Use this file to discover all available pages before exploring further.

Mixpeek follows a two-tower architecture — a well-known pattern in recommendation systems adapted for multimodal search.
Two towers: document tower writes N representation spaces at ingest, query tower reads and fuses them at search time, interaction signals close the feedback loop

Document Tower (Ingestion)

Source files enter through a bucket, trigger one or more collections, and pass through the Ray engine for feature extraction. Each collection produces a different representation — text embeddings, multimodal embeddings, metadata, taxonomy labels — all stored as named vectors on a single Qdrant point. Documents are encoded once at ingest time. Adding a new extractor or updating a taxonomy triggers a re-process on the bucket — documents get new representations without changing the ingestion path.

Query Tower (Retrieval)

A query arrives, gets encoded, and passes through a multi-stage retriever.
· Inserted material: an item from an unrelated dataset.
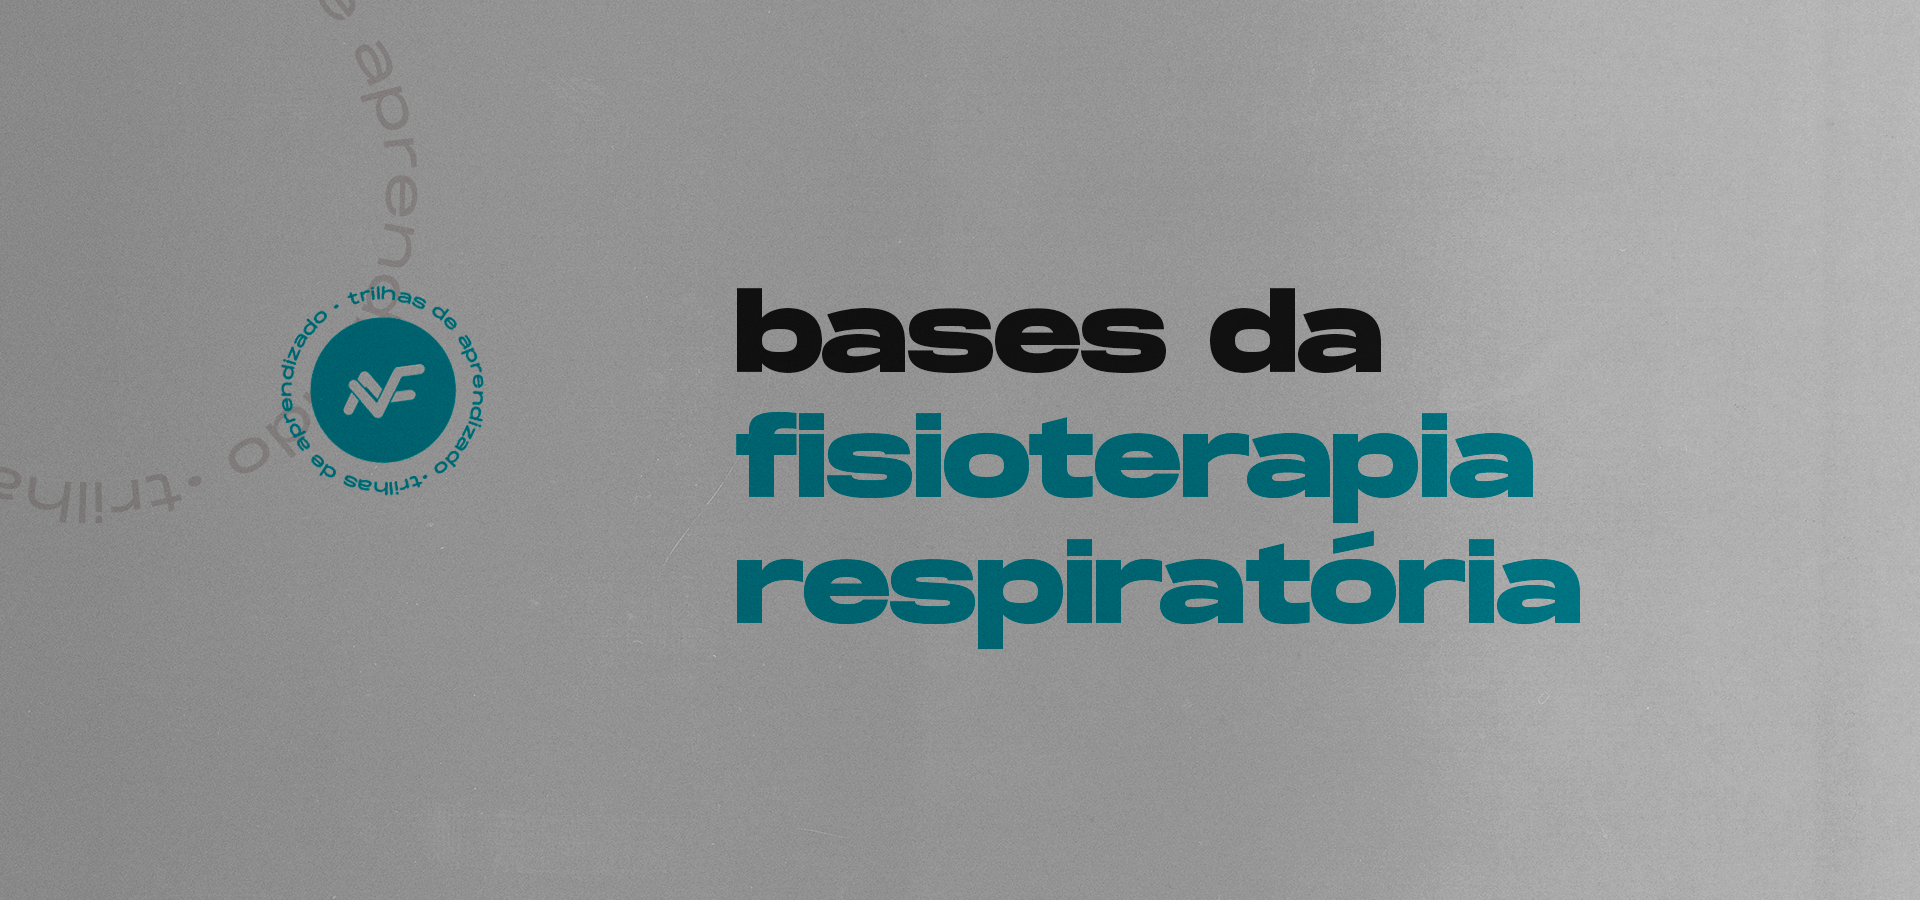 Bases da fisioterapia respiratória

The key stage is feature search, which runs a separate vector query per embedding space and fuses the results. The fusion strategy determines how per-feature scores combine into a final ranking:
StrategyBehavior
rrfRank-based, no tuning needed
weightedManual weights you set
learnedWeights sampled from Beta distributions, updated by user behavior
See Fusion Strategies for the full comparison.

Closing the Loop

With learned fusion, the two towers aren’t static — they’re connected by a feedback loop:
  1. Results are shown to users
  2. Interactions (clicks, purchases, skips) are captured and stored in ClickHouse
  3. Thompson Sampling aggregates interactions into Beta(α, β) distributions per feature — α counts positive signals, β counts non-engagement
  4. Sampled weights are drawn from those distributions on each query, naturally balancing exploration and exploitation
  5. Weights converge toward the optimal blend as interactions accumulate
The system handles cold start through hierarchical fallback: personal weights → demographic segment → global → uniform prior. With zero interactions, learned fusion behaves identically to RRF.

What Makes This Different

Standard two-tower systems learn a single embedding space. Mixpeek’s document tower fans out into N representation spaces (visual, audio, text, multimodal, metadata), and the query tower traverses them in sequence through multi-stage retrieval. Learning happens at the fusion layer — which spaces to weight — not inside the embeddings themselves. This means you can add a new extractor, re-process your data, and the bandit will automatically discover whether the new feature improves results — without retraining any model.